Моя удивительная жизнь. Автобиография Чарли Чаплина - Чаплин Чарльз Спенсер 2 стр.


Некоторая сдержанность описания событий в «Моей биографии» послужила еще одним источником разочарования для многих критиков. Чаплин как бы вскользь пишет о своих фильмах, а о таких значимых, как «Тихая улица» и «Цирк», он и вовсе не упоминает. Кроме того, в книге нет ничего и о процессе создания фильмов. В свое время Чаплин объяснял это следующим образом: «Если люди будут знать, как это делается, то все волшебство уйдет, исчезнет с экранов кинотеатров». Однако другое объяснение звучит гораздо правдоподобнее.

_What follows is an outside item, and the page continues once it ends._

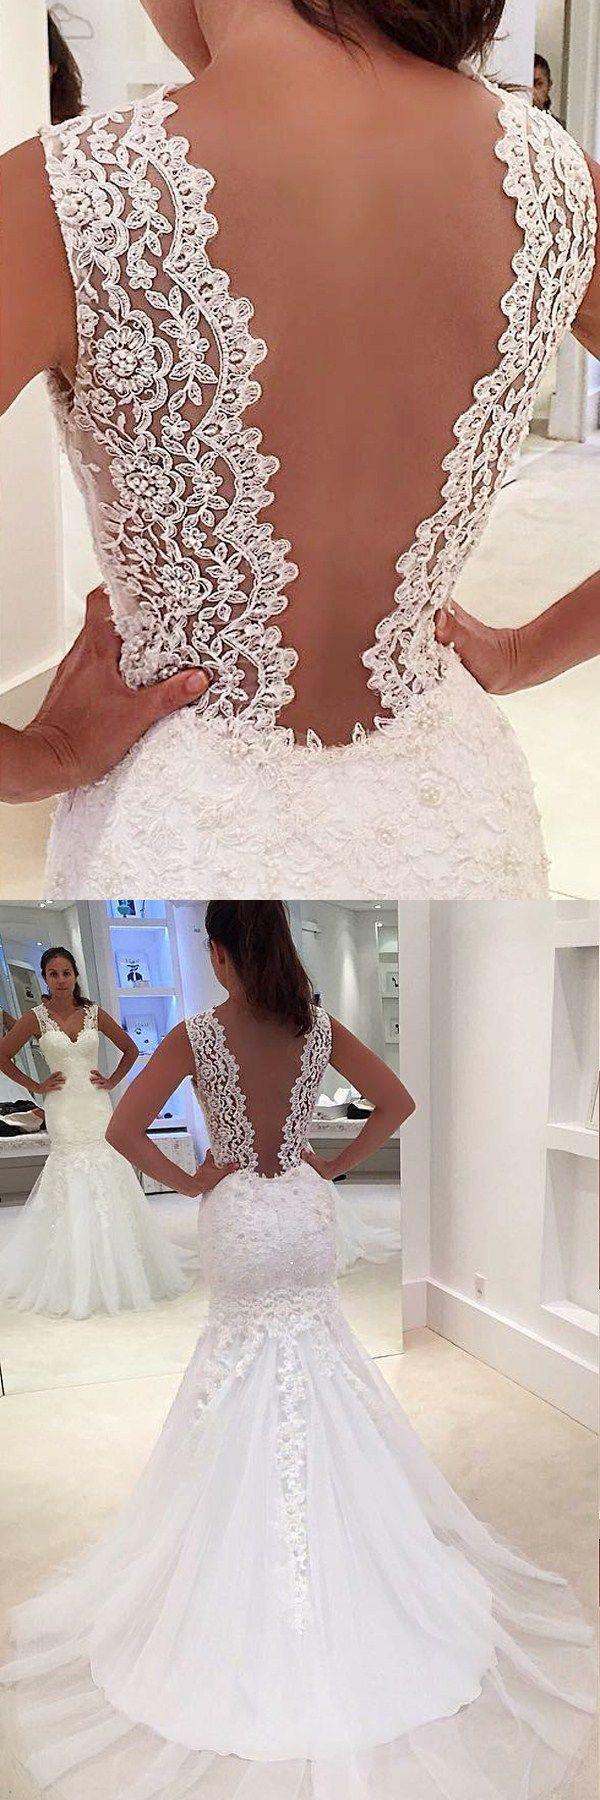 زفاف - Mermaid V-Neck Court Train Backless White Chiffon Wedding Dress With Lace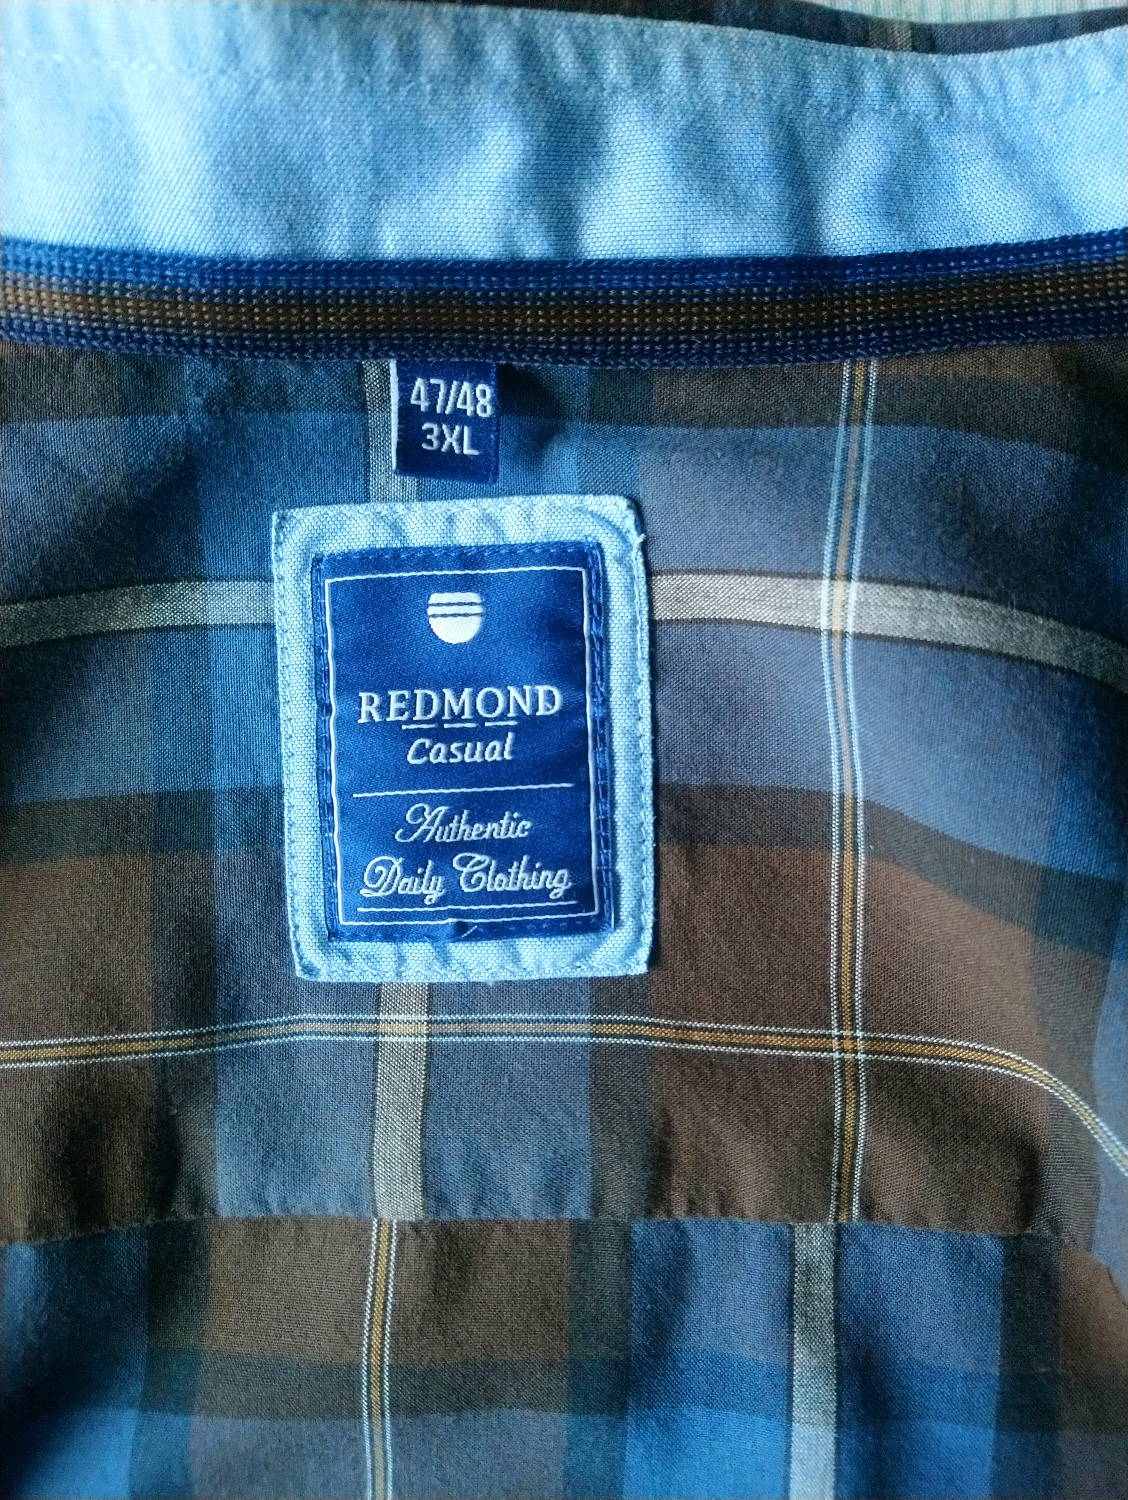 Camisa Redmond. Brown azul comprobado. Tamaño 3xl / xxxl.

Вполне вероятно, с течением времени Чаплин все больше и больше чувствовал, что и сам не в состоянии разгадать секреты волшебства создания собственных фильмов, потому что это волшебство всегда оставалось секретом и для него самого. Действительно, как бы он объяснил самому себе или кому-то еще тот факт, что персонаж в котелке из кистоуновской гардеробной, случайно выдуманный им как-то пополудни в 1914 году, вдруг превратился во всемирно признанного героя, едва ли не самого популярного за всю историю современного искусства? В один из редких моментов откровения, когда речь зашла о съемках первых короткометражных комедий, Чаплин неожиданно признался, что эта работа была не такой простой и порой он начинал съемку без малейшего представления о том, что из всего этого получится: «Вот таким отчаянным способом я и создавал свои первые комедии».

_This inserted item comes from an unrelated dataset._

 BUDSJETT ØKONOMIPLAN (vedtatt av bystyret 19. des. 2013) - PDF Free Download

Другим объяснением всему этому может быть и то, что Чаплин писал свои мемуары для того, чтобы развлечь публику, чем он и занимался всю свою жизнь. Для него это была обычная работа, и, как и все остальные люди, он не видел в ней ничего выдающегося – сплошная рутина. Как он однажды сказал кому-то, его работа едва ли интереснее работы банковского служащего. Возможно, Чаплину казалось, что описание медленного, мучительного процесса съемок покажется читателям неимоверно скучным. Как бы то ни было, нежелание автора делиться некоторыми подробностями своей жизни с лихвой компенсировалось всем, что о нем начали писать после его смерти. Намеренно или нет, Чаплин оставил после себя столько всевозможных свидетельств о своей творческой жизни (записи дублей, отрывки эпизодов, рабочие заметки и рабочие журналы киностудий), сколько не оставлял ни один из режиссеров того времени. Этих материалов хватило для того, чтобы заполнить все пробелы и недосказанности.

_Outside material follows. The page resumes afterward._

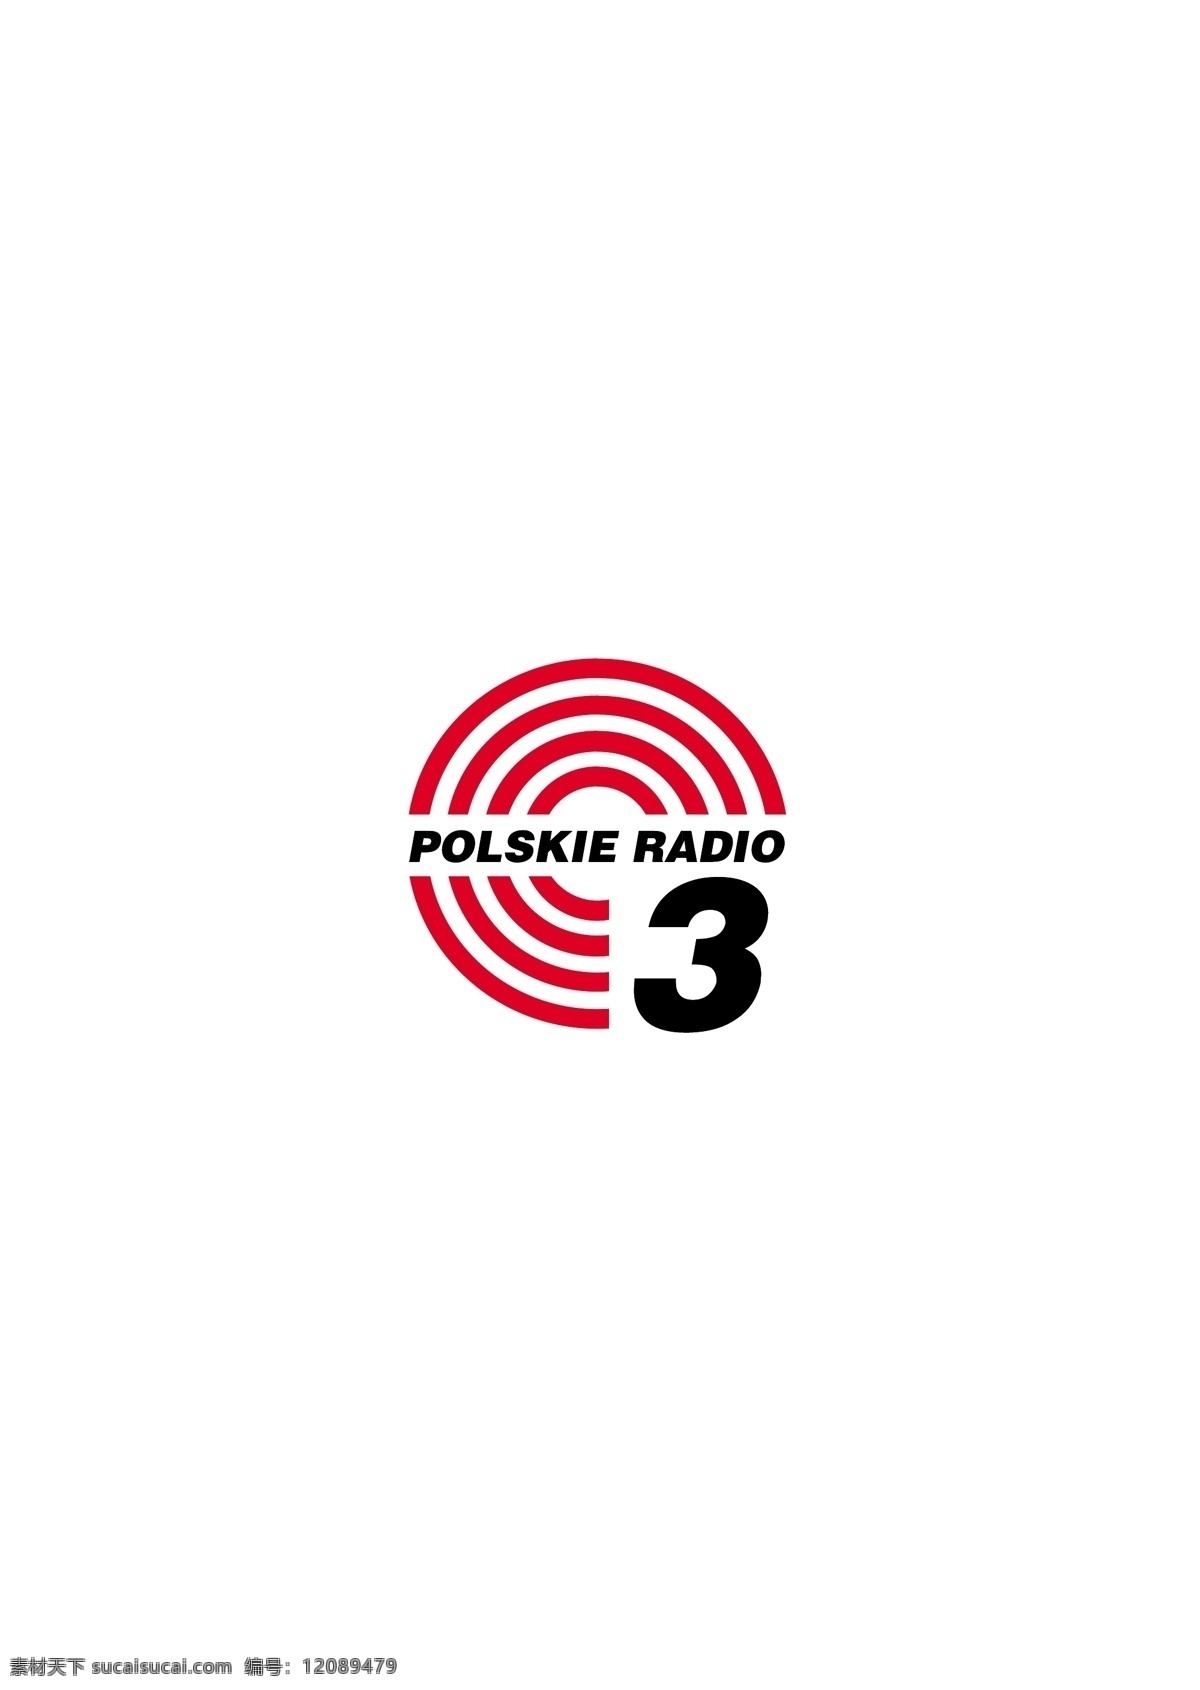 logo大全 logo 设计欣赏 商业矢量 矢量下载 polskie radio 标志设计 欣赏 网页矢量 矢量图 其他矢量图

Но более всего удивляет избирательность Чаплина, которая проявилась в описании его друзей, коллег и всего, что касалось его личных отношений. За долгие сорок лет, которые прошли с момента выхода книги, мы привыкли, что автобиографии рассказывают нам обо всем и обо всех. Но вот Чаплин решил, что нам вовсе не обязательно знать о нем абсолютно все. Так, например, он никогда не испытывал смущения по поводу своих отношений с женщинами, но и писать об этом не любил. Воспоминания о первой женитьбе и последующем разводе заняли всего лишь страницу или около того, а вторая женитьба удостоилась одной-единственной строчки, причем имя второй жены (это была Лита Грей) даже не было упомянуто. Подобная участь постигла и Стэна Лорела – с ним Чаплин выступал во время американских музыкальных турне, и верного помощника и ассистента Уилера Драйдена, и даже сводного брата Сидни. В воспоминаниях нет и пары слов о дружной команде актеров и технического персонала студии, которые были вместе с Чаплином долгие годы его голливудской карьеры, а в эту команду входили Генри Бергман, Мак Суэйн, Эрик Кэмпбелл (незабываемый бровастый толстяк из первых чаплинских фильмов), Альберт Остин и даже его лучший и преданный друг и соратник оператор Роланд Тотеро.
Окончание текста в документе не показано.